At the very beginning of this nested tale the first narrator gives away the meaning of the title. It all begins with the narrator (presumably Henry James, or another unnamed speaker) explaining that they are at an old house during the winter telling stories about ghosts and apparitions. Some stories are better than others, and those who are listening are waiting for an ultimate story that would beat all the others. Someone suggests,
"I quite agree—in regard to Griffin's ghost, or whatever it was—that its appearing first to the little boy, at so tender an age, adds a particular touch. [...] If the child gives the effect another turn of the screw, what do you say to TWO children—?"
"We say, of course," somebody exclaimed, "that they give two turns! Also that we want to hear about them."

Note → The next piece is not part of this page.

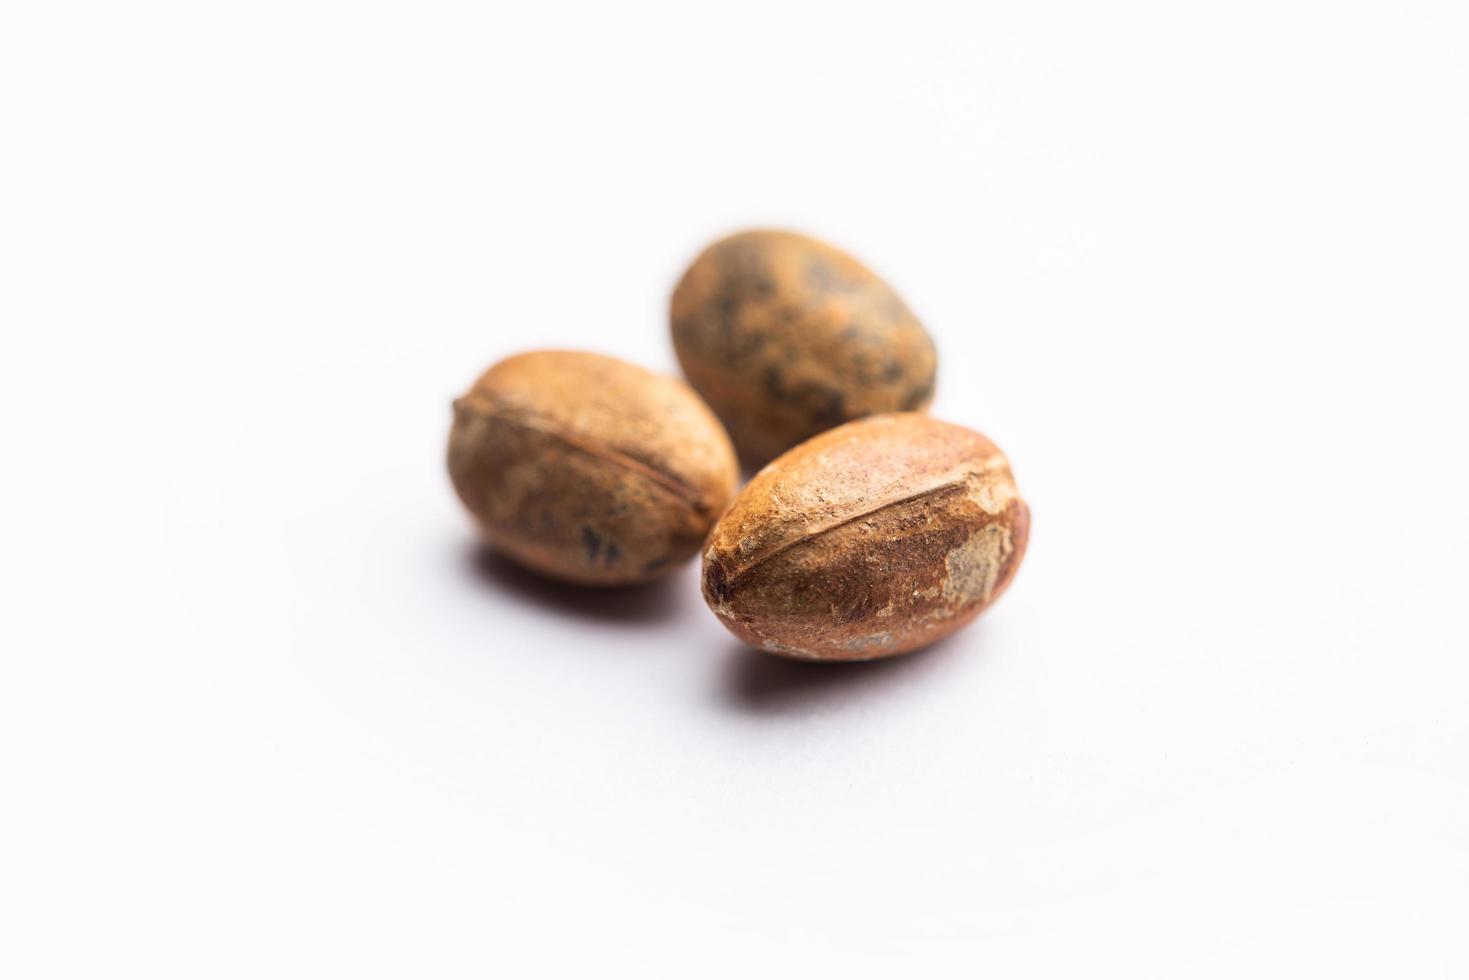 jamalgota o jayapala - croton tiglio seme è un ayurvedico medicina anche conosciuto come spurgo croton foto

The universal use of turning a screw is to make something tighter, or tense enough, to resist falling apart from movement. The idea that the story will be about two ghost children instead of one would "turn the screw" even tighter on the listeners, who will be more tense at the prospect of two haunted young spirits--what could have possibly happened? Why were these children victimized? The tragic idea a haunted child definitely thickens the plot and makes it more tense.
Another mention of the title appears in chapter XXII, with the Governess as the narrator, where she says
I could only get on at all by taking "nature" into my confidence and my account, by treating my monstrous ordeal as a push in a direction unusual[...] after all, for a fair front, only another turn of the screw of ordinary human virtue.
Here the term is used by her to describe how the situation in the home is really testing her mentally and emotionally. She takes on the challenge and tells herself that she will put up a strong front. She assumes that this is just another turn of the screw--another pull of her strength--to work with.